─── DATASET EXTRACT

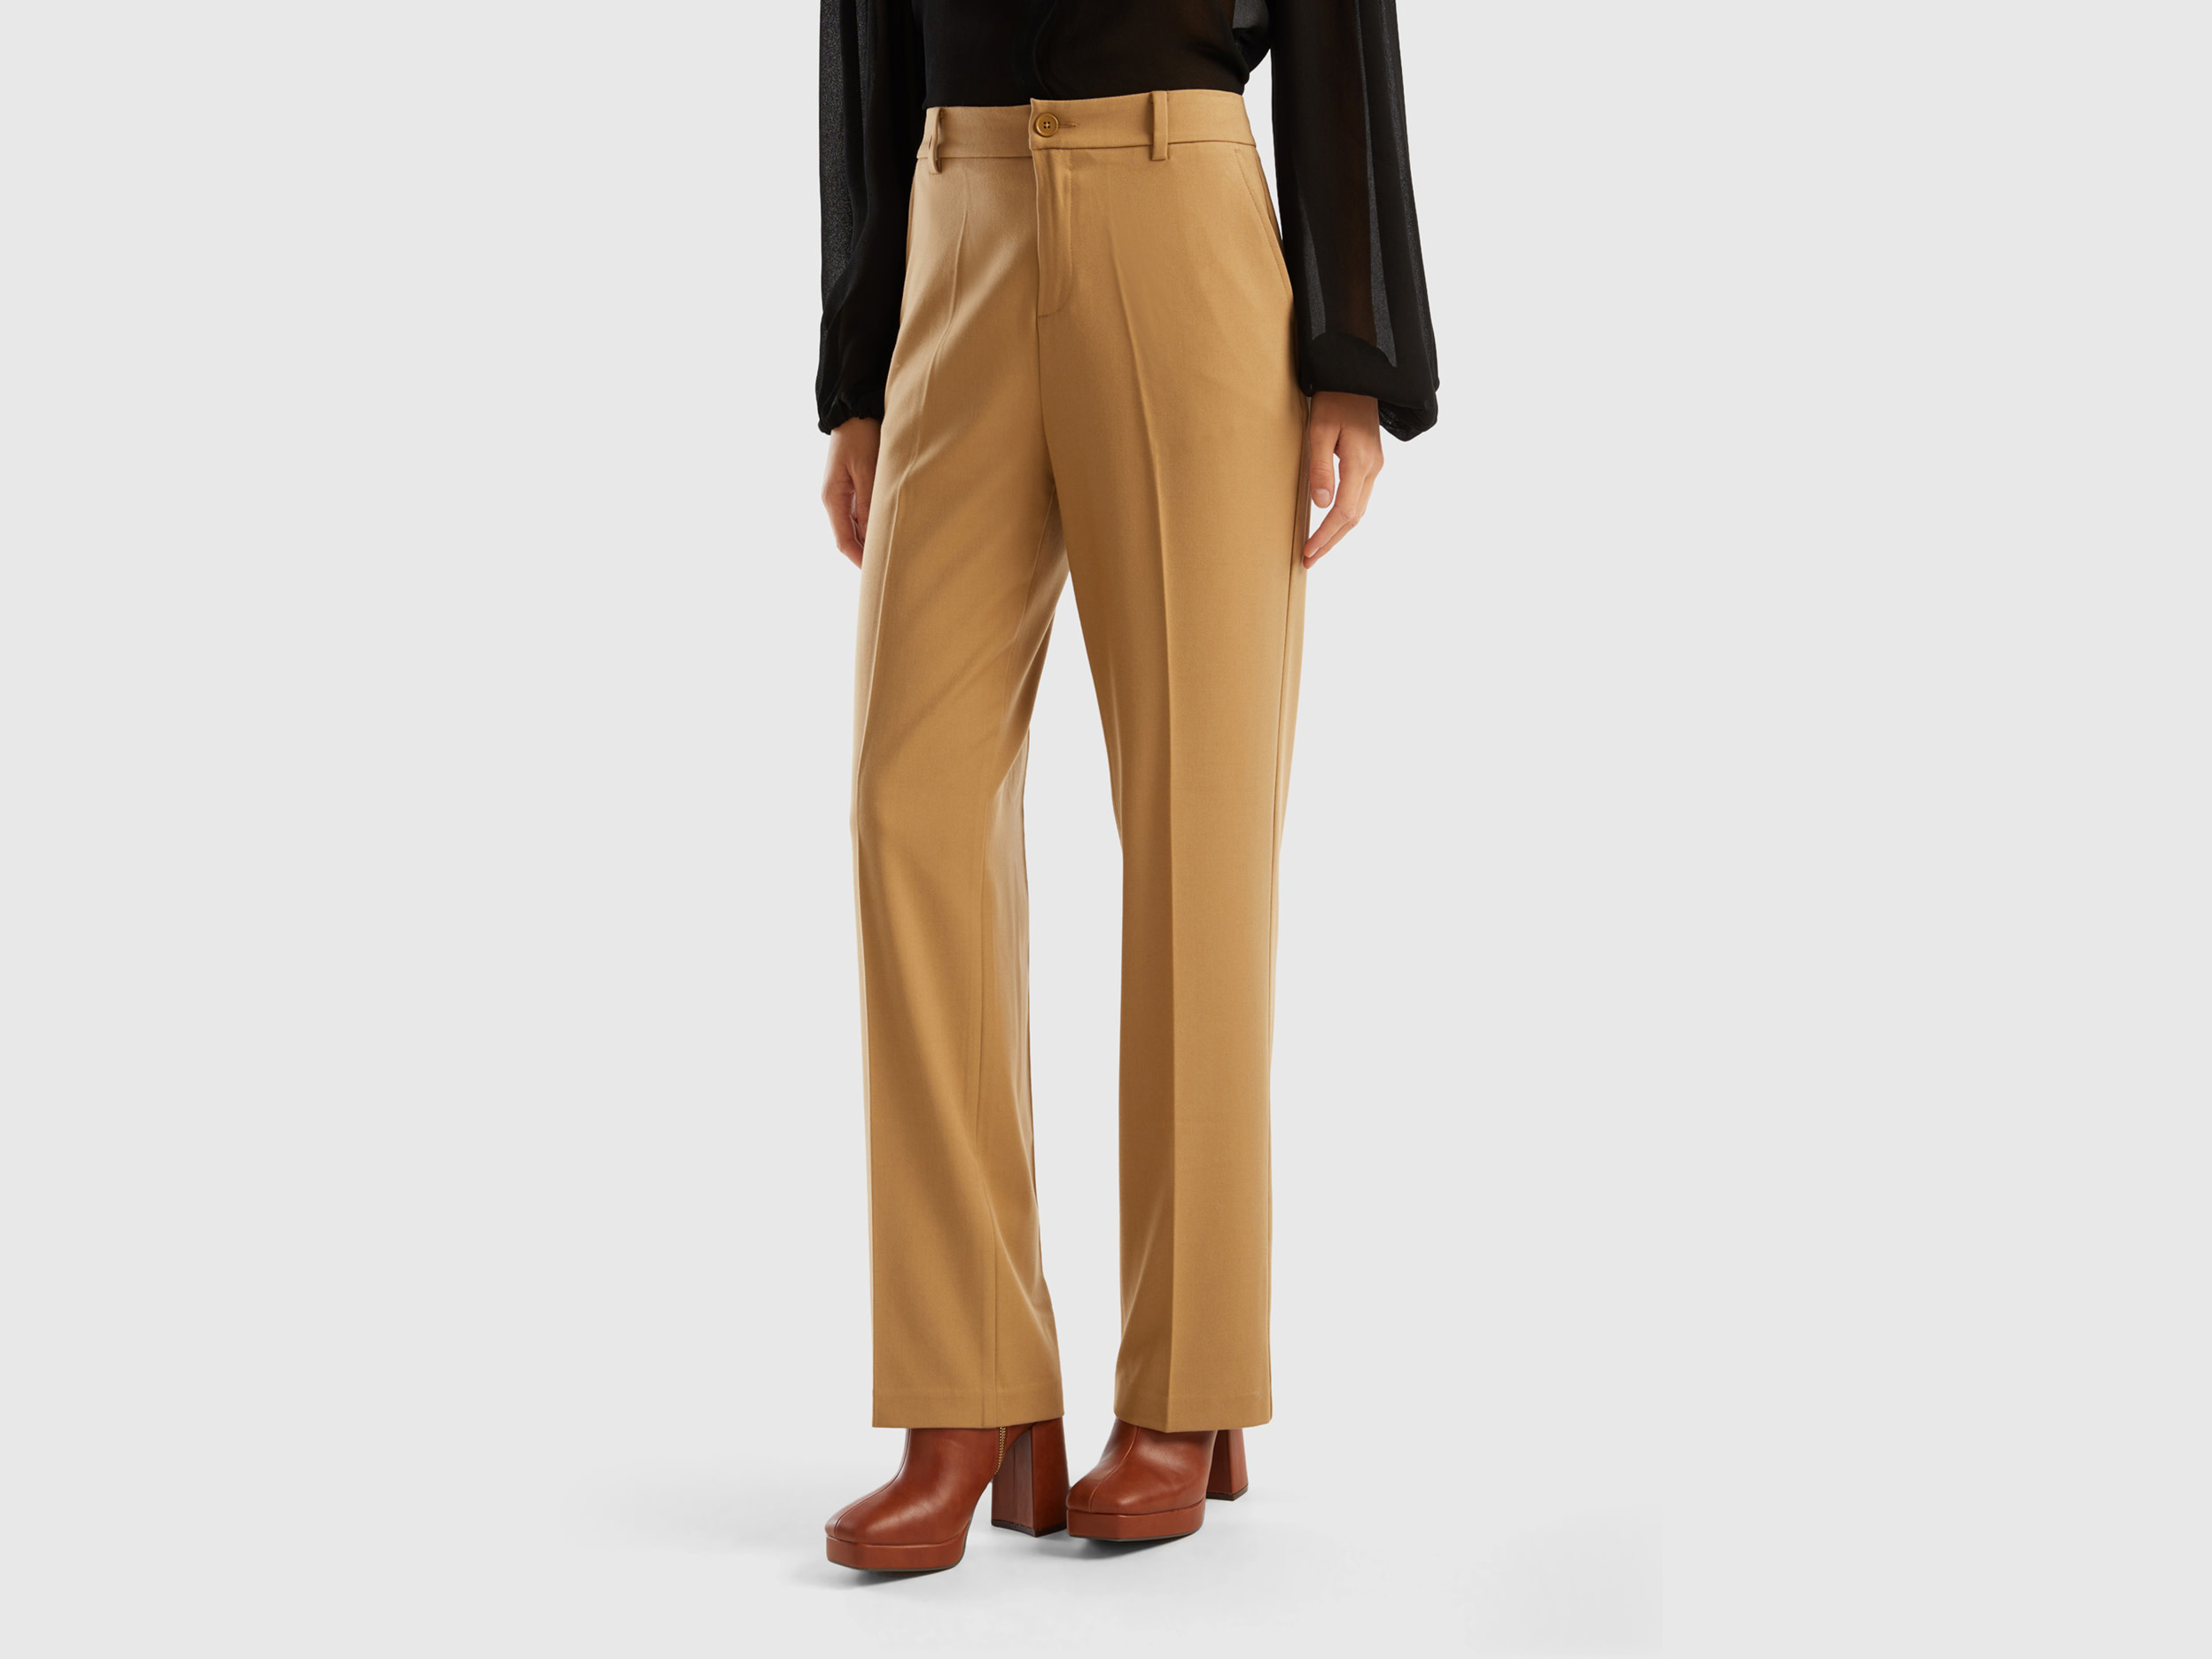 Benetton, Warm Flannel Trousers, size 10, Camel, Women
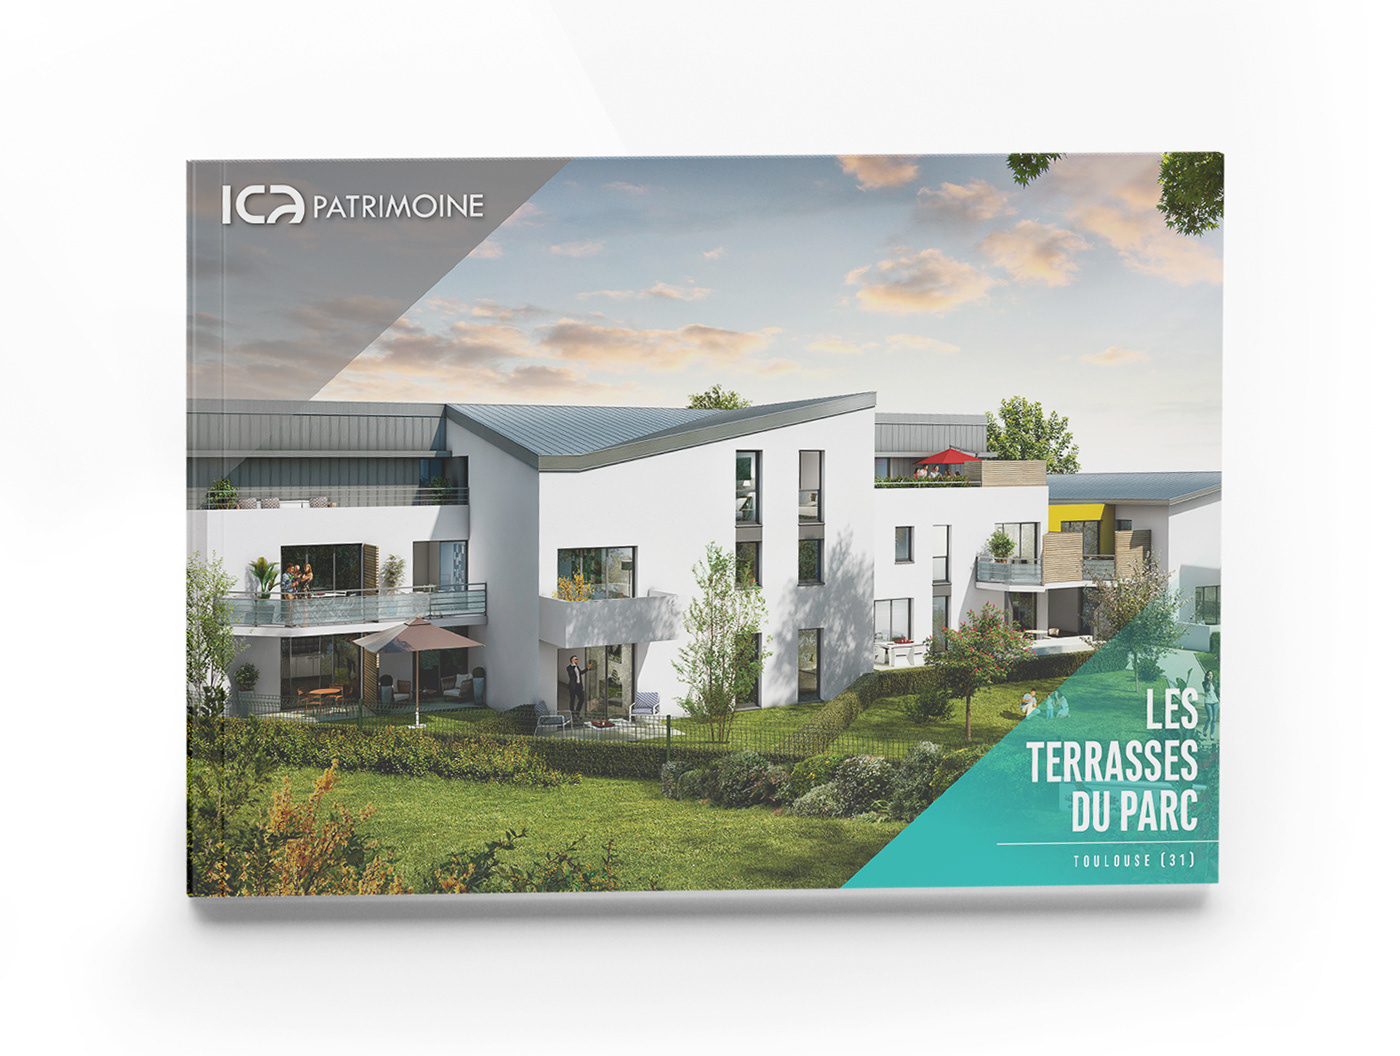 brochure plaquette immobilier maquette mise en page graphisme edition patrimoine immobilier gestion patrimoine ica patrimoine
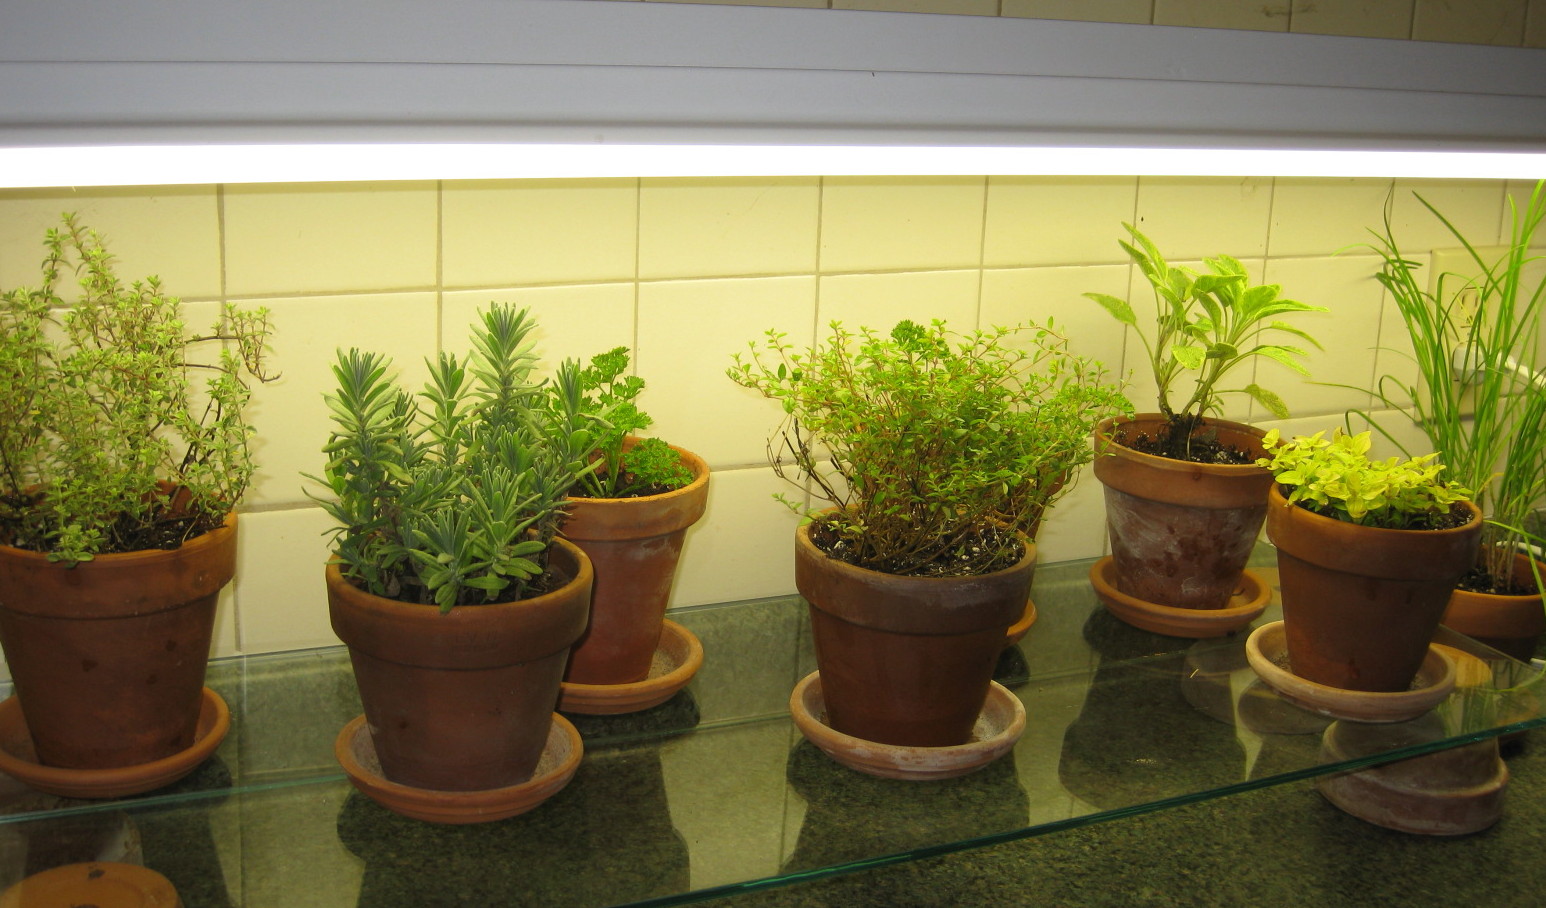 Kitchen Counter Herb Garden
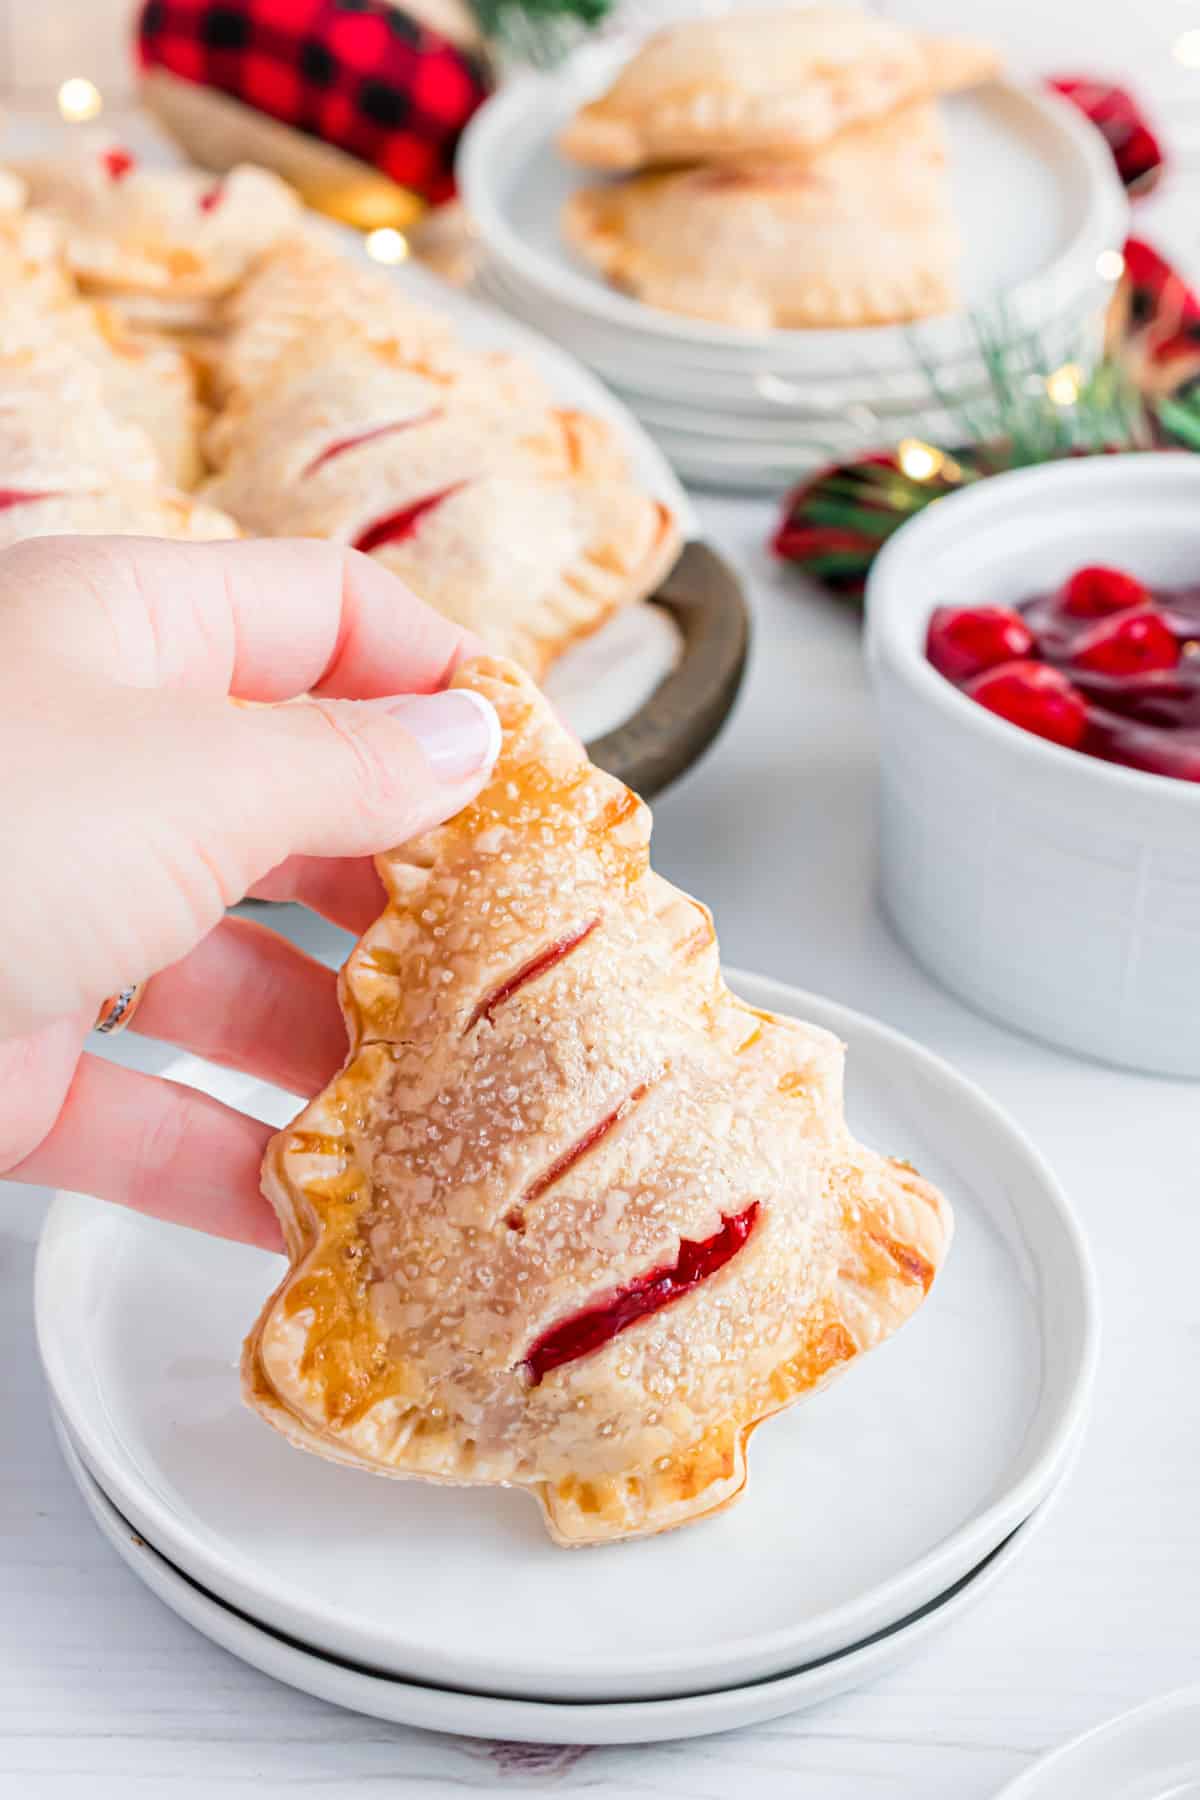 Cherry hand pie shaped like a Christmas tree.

──────

* THE TASK: The line containing "brochure plaquette immobilier" and every line after it, through the end of the material above, are to be printed exactly; no pictures belong in the output.

* REPLY:
 brochure plaquette immobilier maquette mise en page graphisme edition patrimoine immobilier gestion patrimoine ica patrimoine
 Kitchen Counter Herb Garden
 Cherry hand pie shaped like a Christmas tree.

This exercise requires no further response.